Тот неопределенно повел плечом:
– В гавани.
– Знаешь, Дайк, пока дождь, не ходи никуда, все равно у тебя вряд ли будет работа. Пересиди здесь. Обсушишься.
Дайк понял, что ей жаль его. Он сам не разобрал, горечь или тепло разлилось у него в душе. Гвендис добавила:
– Как ты живешь, когда осень?.. Хочешь, Дайк, приходи ночевать в этом флигеле? Я не буду его запирать и принесу тебе одеяло.
Дайк отрывисто сказал, что придет, а подумал, что не придет ни за что. Он боялся своих снов. Когда Дайк ощущал, что его готово охватить странное и чужое видение, ему хотелось забиться в угол, спрятаться, затаиться в щели. Он со страхом ждал, что однажды, даже открыв глаза поутру, не сумеет проснуться: темную, ненадежную память Дайка поглотит та, которая пробуждается, когда он спит. Тогда он станет кем-то другим, не человеком и не жителем теперешнего мира. Лучше бы, когда это случится, никого не было рядом. Они - те, о ком снятся Дайку сны - ненавидят и убивают людей.
В эту ночь Дайку приснился родич царя Бисмы, небожитель Дасава Санейяти.
Бродяга видел небожителя в темном покое без света, в неподвижности - и знал, что Дасава сейчас погружен в созерцание. Он может так сидеть часами, высвобождая в своей душе особенные силы - магию небесного народа.
Сумрачный покой иногда озарялся яркой вспышкой - юный небожитель учился окружать себя сиянием. Во сне Дайку это казалось самым обыденным делом…
Видел он Дасаву и под открытым небом, на воинских учениях. Тот вскидывал руку, и воздух пронзала быстрая молния. Любой воин Сатры умеет сводить небесный огонь.
Дасава - тирес, это означает «царевич»: точнее, «наследник царства», а не «сын царя». Дасава - небожитель, которому предстоит построить новое подвластное Сатре царство - Дасавасатру. Это право перед государем Сатры заслужил его род.
В снах Дайка Дасава изредка появлялся совсем еще мальчиком, подростком. Он отвечал на вопросы небожителя, одетого в спадающую вольными складками накидку и песочного цвета поддевку без рукавов.
– Ты тирес, - говорил Дасаве наставник, - твое призвание весьма высоко. Ты - один из тех, кто приблизит бессмертие нашего народа, когда скверна будет уничтожена.
Вокруг простиралась огражденная Стеной благословенная земля Бисмасатры, где-то в ней было скрыто ее драгоценное сердце-бриллиант. А за Стеной царства шумел лесами первозданный и бренный Обитаемый мир.

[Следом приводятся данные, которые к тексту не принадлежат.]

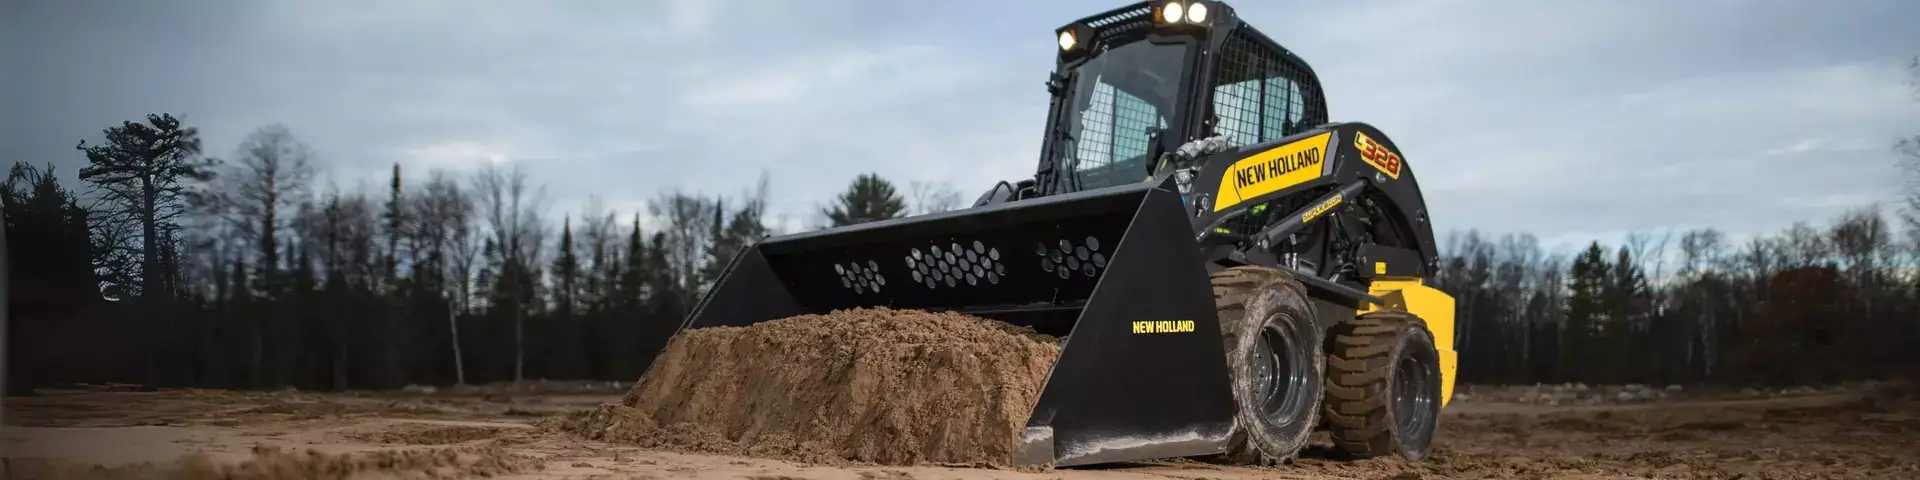 New Holland Construction Attachments

– Все в Обитаемом мире - скверна. Наши славные предки осознали свою ошибку - здесь нет источника могущества. Мы нарушили волю Вседержителя и понесли справедливое наказание. Но мы опомнились и покаялись. Отныне мы не соприкасаемся с Обитаемым миром, хотя и вынуждены в нем жить. Есть ли в тебе скверна, Дасава?
Дасава в вышитой золотом длинной белой рубахе с широкими рукавами, подпоясанной золотым ремешком, отвечал урок:
– Во мне нет скверны, учитель. Ни одна нить в моей одежде не спрядена из скверного растения, я никогда не ходил по скверной земле и не ел хлеба из скверных злаков, не пил молока от нечистого скота.
Скот и растения можно использовать только те, которые выращены внутри Стены. Лишь птица с нечистой земли порой пролетает над Бисмасатрой, и ветер пригоняет тучи и приносит семена. Но существует множество очистительных обрядов и для земли, и для воды, и для самих небожителей. «Вся наша жизнь - очистительный обряд», - говорят священники, хранители веры.
– Почему ты знаешь, что будешь прощен Вседержителем? - спрашивает Дасаву учитель.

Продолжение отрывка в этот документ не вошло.